The two exact local-path documents in Opus report were not confirmed by GPT direct lookup/list:

  • /Users/nmhuyen/Documents/Manual Deploy/web-test/hien-phap-full.md
  • /Users/nmhuyen/Documents/Manual Deploy/web-test/test-absolute.md

Opus must verify via PG and Qdrant payload scroll whether these exist as document_id, metadata field, or stale vector payload only.

Governing rules

  • Root-cause first: previous OGV directives already require classification before cleanup because cleanup can destroy evidence.
  • Evidence rule: no artifact/list = fail. Counts without names are insufficient.
  • No direct manual mutation to kb_documents; use approved gateway/API/DOT only after investigation.
  • Read-only phase first: no delete/update/upsert of KB/Qdrant/code/container until baseline and causality are captured.

Directive to Opus

Do not ask for approval to delete the 8 files yet. Execute OGV-2A read-only investigation first.

Required investigation

  1. Build baseline table for every suspect item:

    • document_id
    • parent_id
    • title/tags/source
    • content length/hash
    • created_at, updated_at, deleted_at, vector_status if available
    • Qdrant point id(s), payload path/document_id, metadata, content hash if available
  2. Classify each item:

    • A — newly generated after cleanup
    • B — pre-existing residue missed by previous cleanup
    • C — valuable content but wrong path/structure
    • D — stale vector payload only, no PG document
  3. Trace actor/source:

    • API/MCP route that wrote it
    • test script or mission that created it
    • CI/manual/local session source
    • whether write bypassed sanitizer or approved gateway
  4. OGV-P0 special check:

    • identify the test file/command that created test/ogv-p0/*-active
    • explain why active fixtures were not torn down
    • prove whether OGV-P0 test reran after May 5 cleanup
    • propose teardown/TTL/namespace guard
  5. Inline/local path check:

    • identify route/tool that admitted inline-*
    • explain why file:///Users/... was accepted as KB content
    • propose sanitizer/gate to reject local temp path documents unless explicitly allowlisted and quarantined
  6. Misplaced reports:

    • move proposal only; do not delete unless duplicate canonical copy exists
    • recommended quarantine path: knowledge/current-state/reports/legacy-misplaced/ or mission-specific historical path

Required output from Opus/agent

Create report:

knowledge/dev/laws/dieu44-trien-khai/reports/ogv-2a-vector-garbage-root-cause-2026-05-07.md

Report must include:

  • Full evidence table, not just counts.
  • Timestamp comparison against cleanup window.
  • Root cause per class.
  • Fix-before-cleanup plan.
  • Cleanup proposal separated into delete/move/quarantine/no-op.
  • Explicit statement whether there is any confirmed new garbage generation after the cleanup.
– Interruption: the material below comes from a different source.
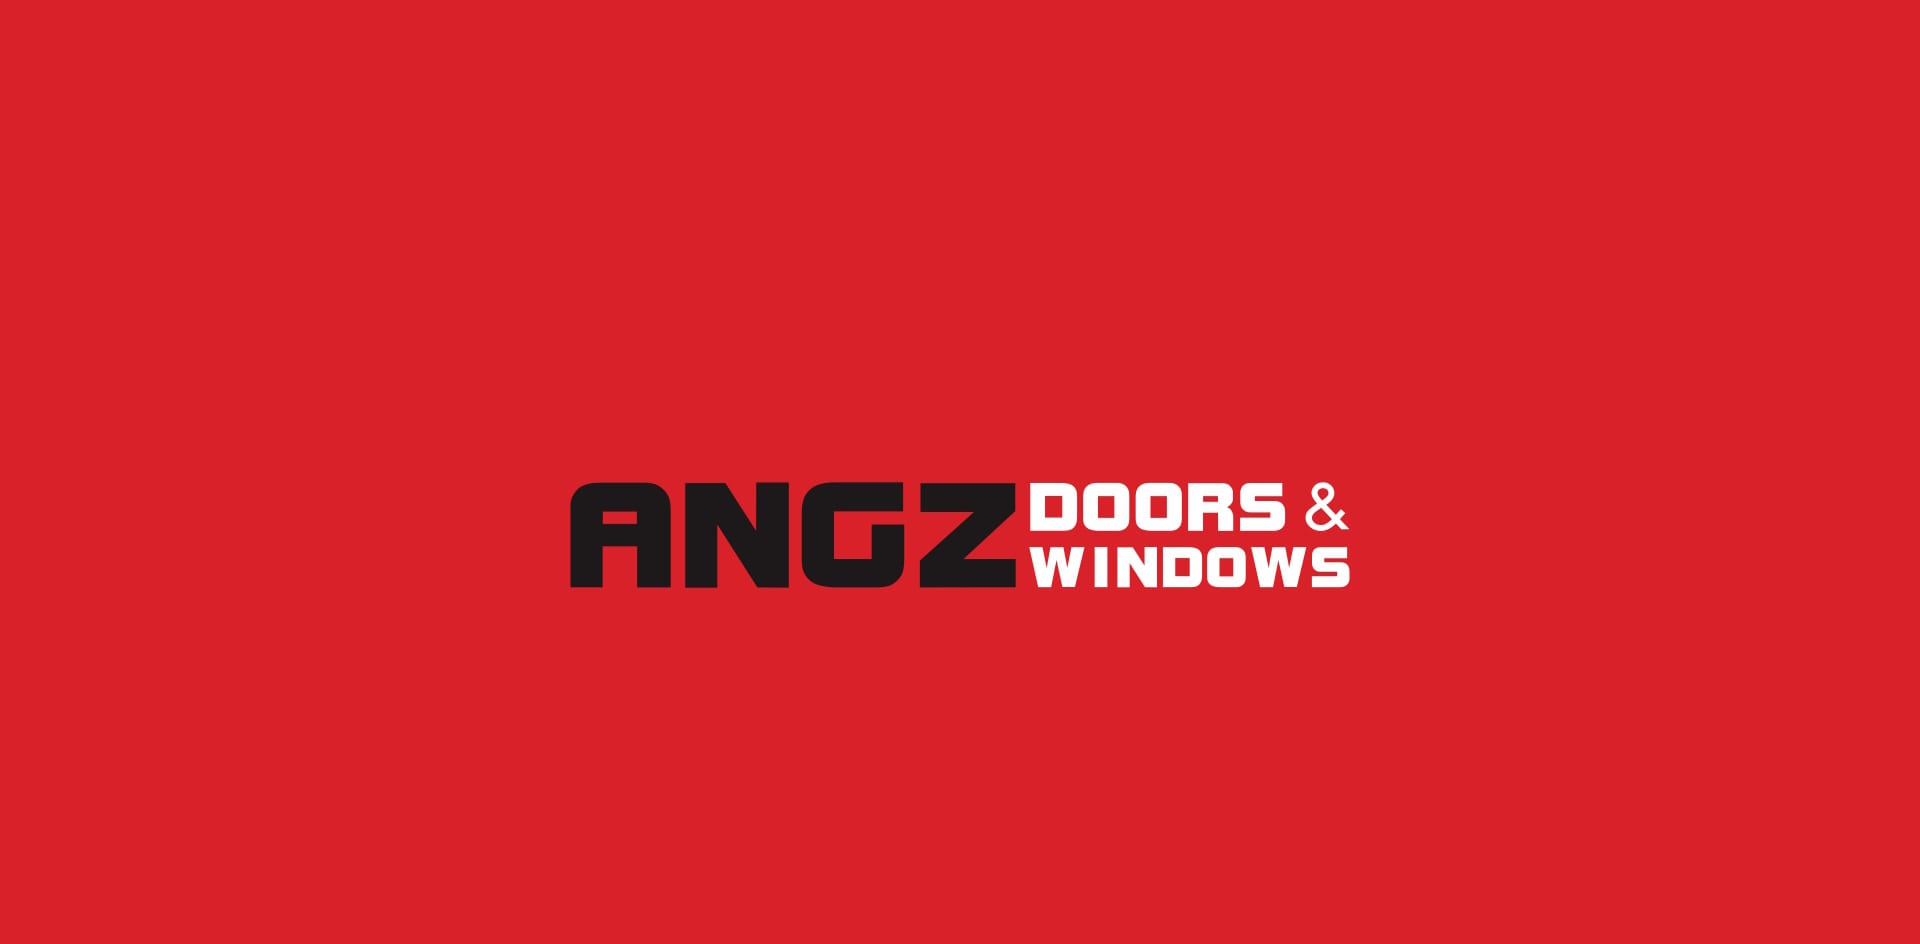 Angz Door & Windows

Provisional cleanup stance

  • Pure garbage likely delete candidates after evidence capture: OGV fixtures, inline orphan, test-file-creation.md, knowledge/test/phase2-api-check.
  • Empty folders test/conn-audit-moved, test/f1-moved: delete only if no child documents and no canonical reference.
  • Root reports: move/quarantine, not delete by default.
  • Local path refs: no decision until existence and type are confirmed.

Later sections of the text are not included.